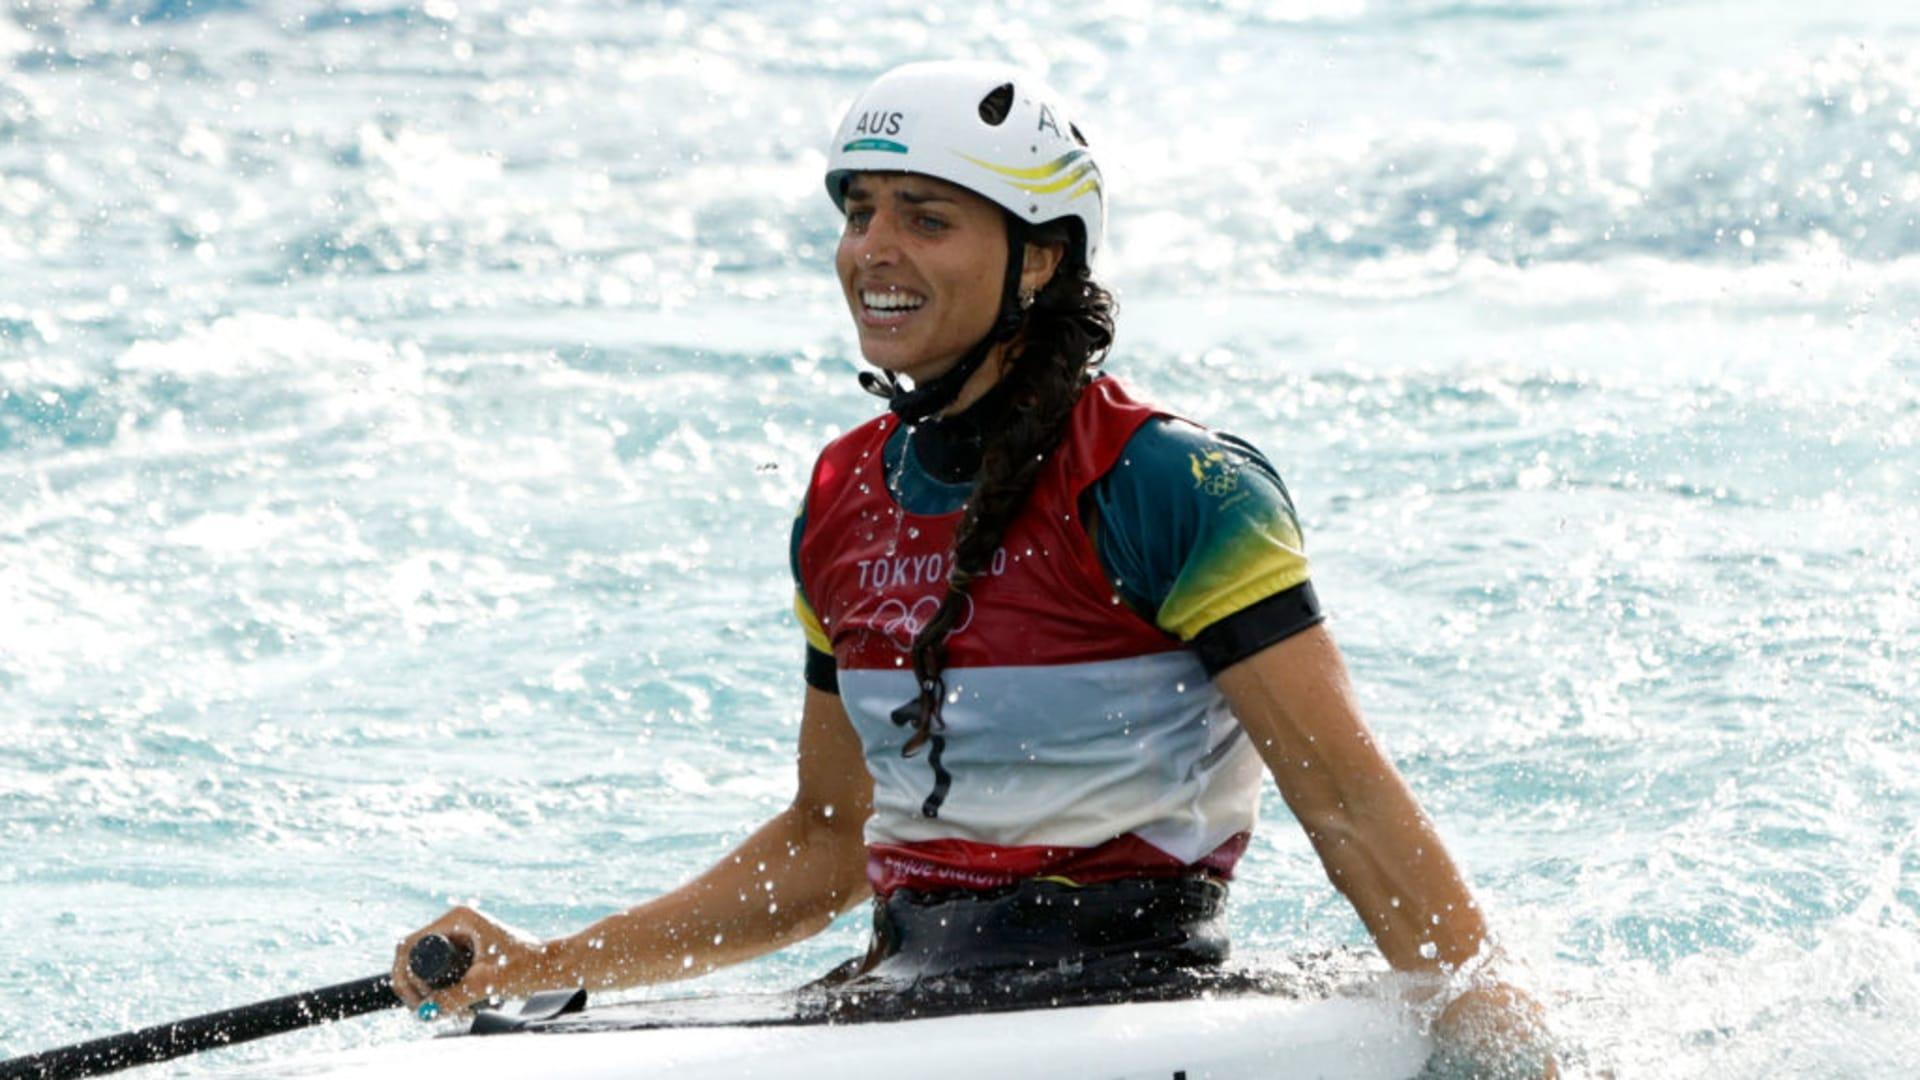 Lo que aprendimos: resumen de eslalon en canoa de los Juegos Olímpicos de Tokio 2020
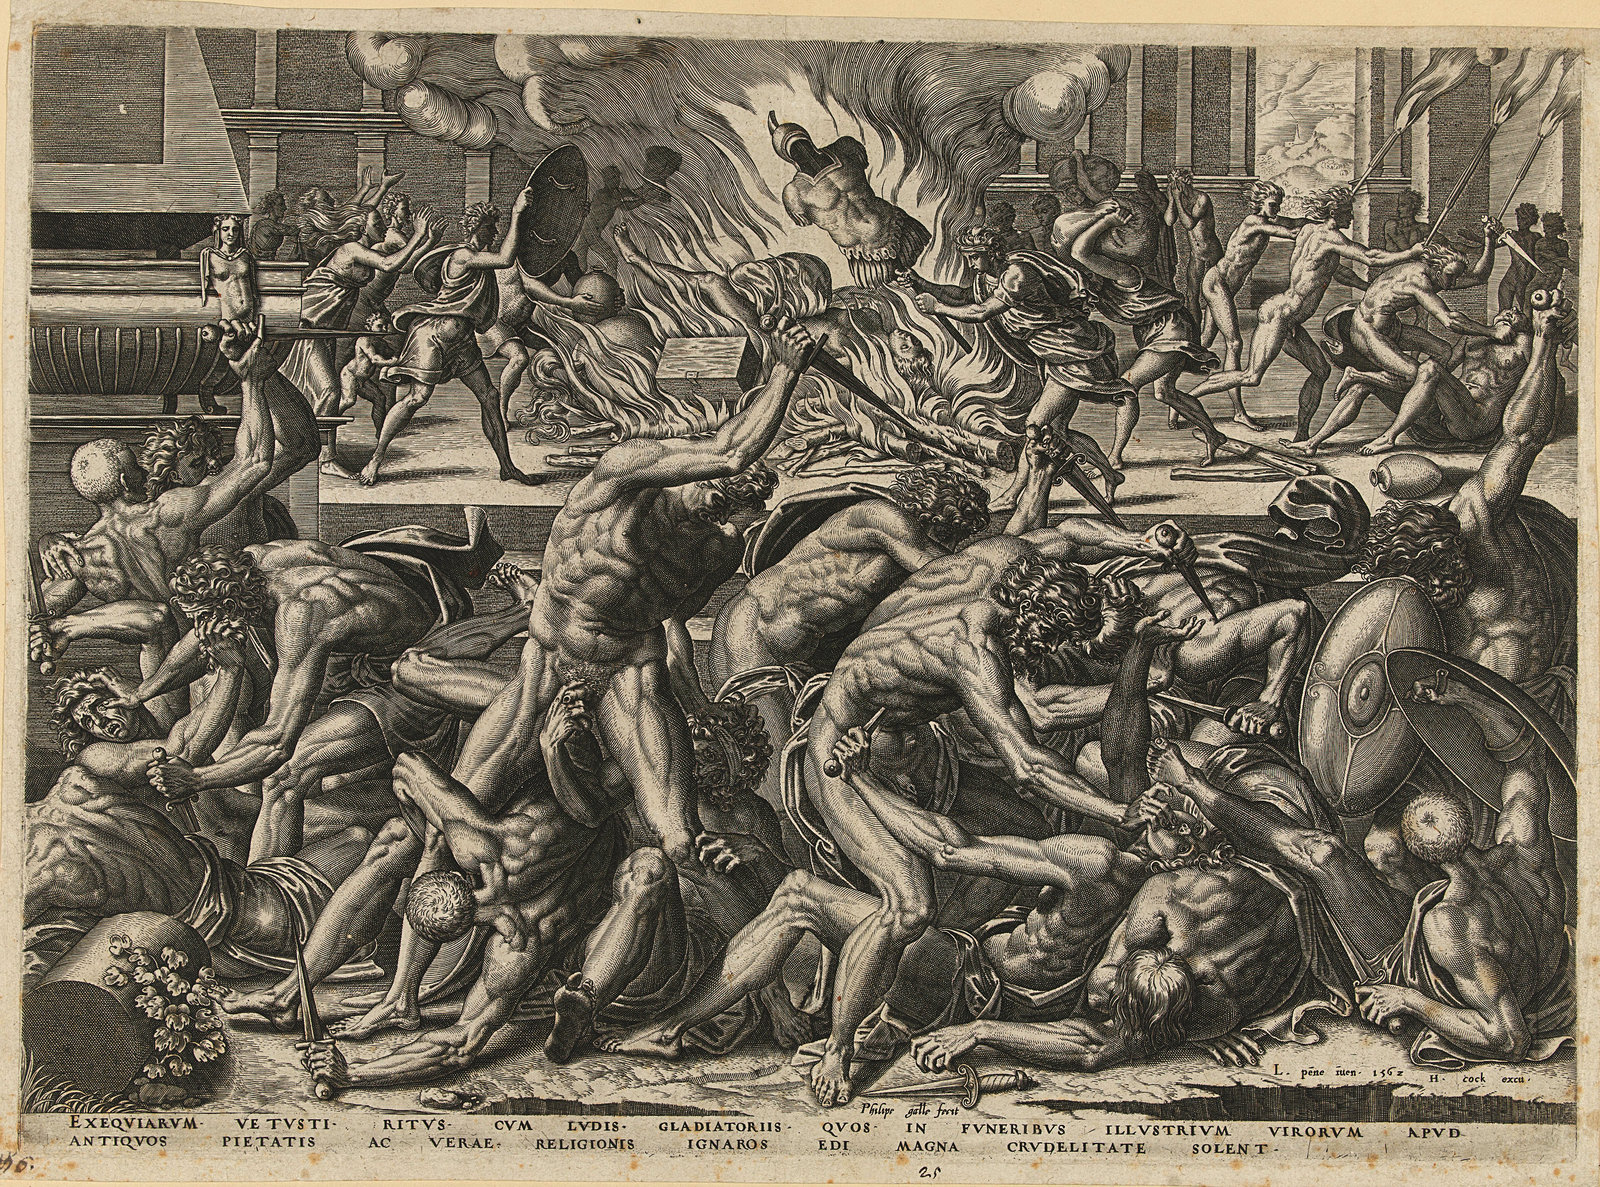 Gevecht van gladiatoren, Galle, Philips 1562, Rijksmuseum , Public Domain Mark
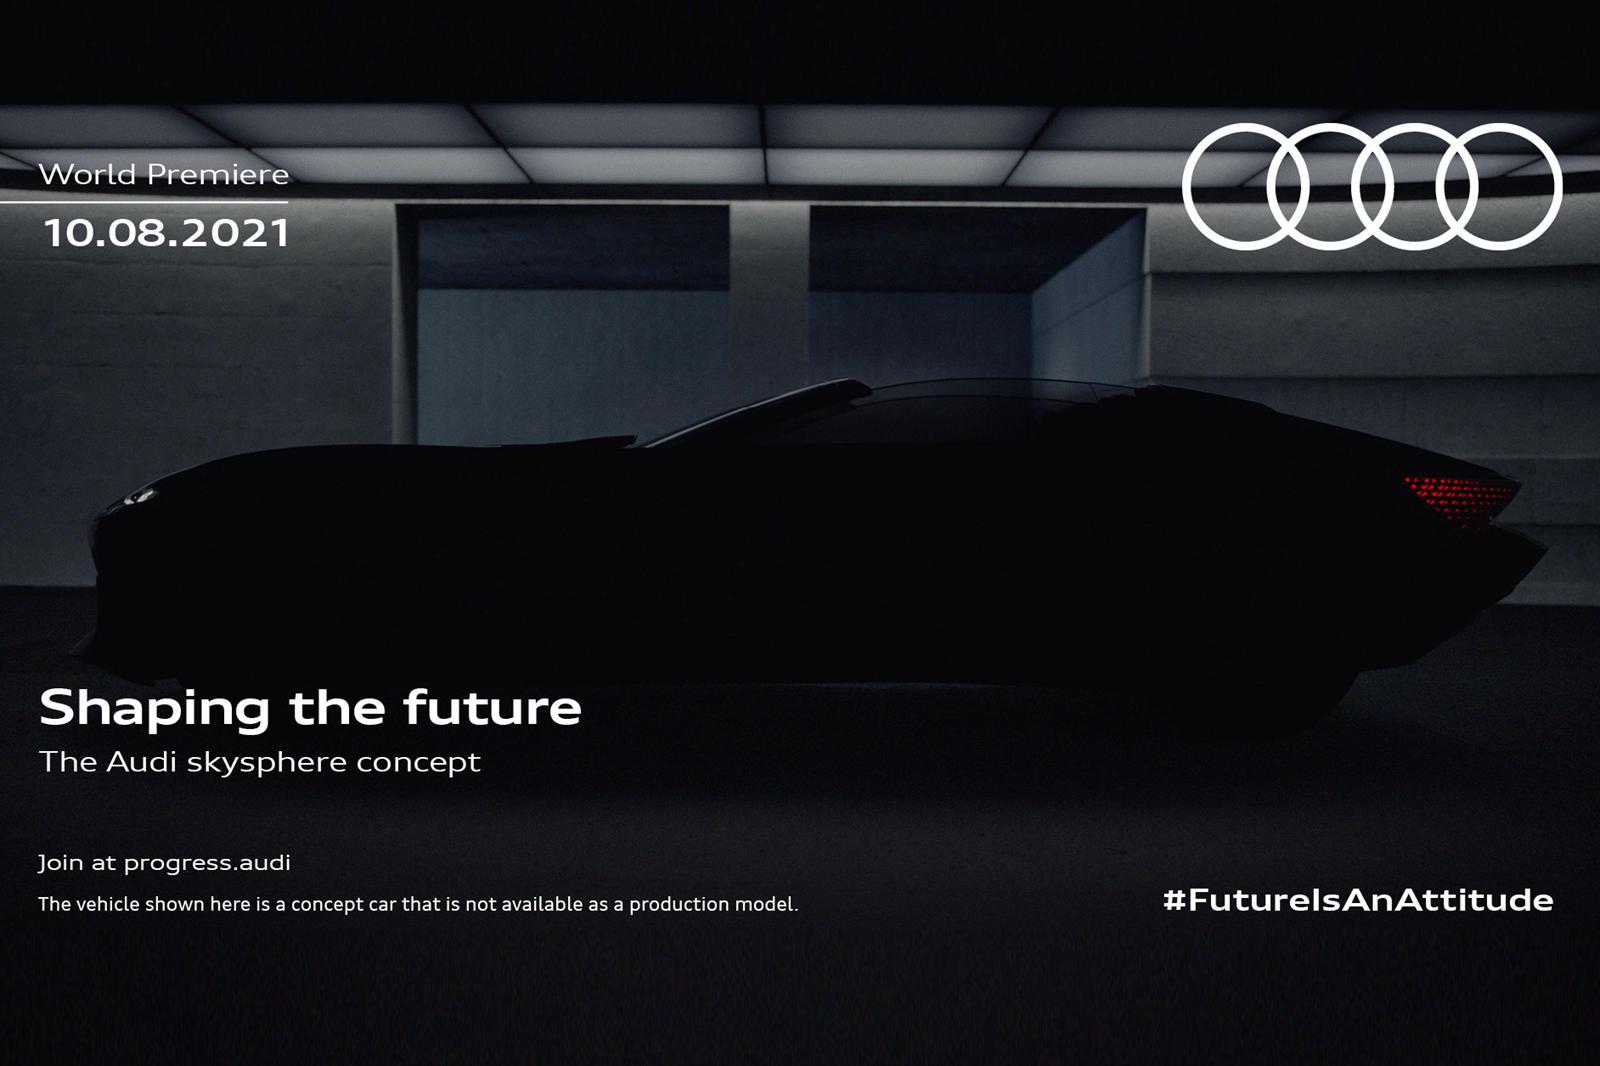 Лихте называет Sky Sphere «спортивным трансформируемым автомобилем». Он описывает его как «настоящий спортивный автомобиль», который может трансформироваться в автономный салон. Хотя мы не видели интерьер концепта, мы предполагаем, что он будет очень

◇ ◇ ◇

Type the listing above out again exactly, and omit all pictures.

§ ANSWER TO THIS EXERCISE:
 Lo que aprendimos: resumen de eslalon en canoa de los Juegos Olímpicos de Tokio 2020
 Gevecht van gladiatoren, Galle, Philips 1562, Rijksmuseum , Public Domain Mark
 Лихте называет Sky Sphere «спортивным трансформируемым автомобилем». Он описывает его как «настоящий спортивный автомобиль», который может трансформироваться в автономный салон. Хотя мы не видели интерьер концепта, мы предполагаем, что он будет очень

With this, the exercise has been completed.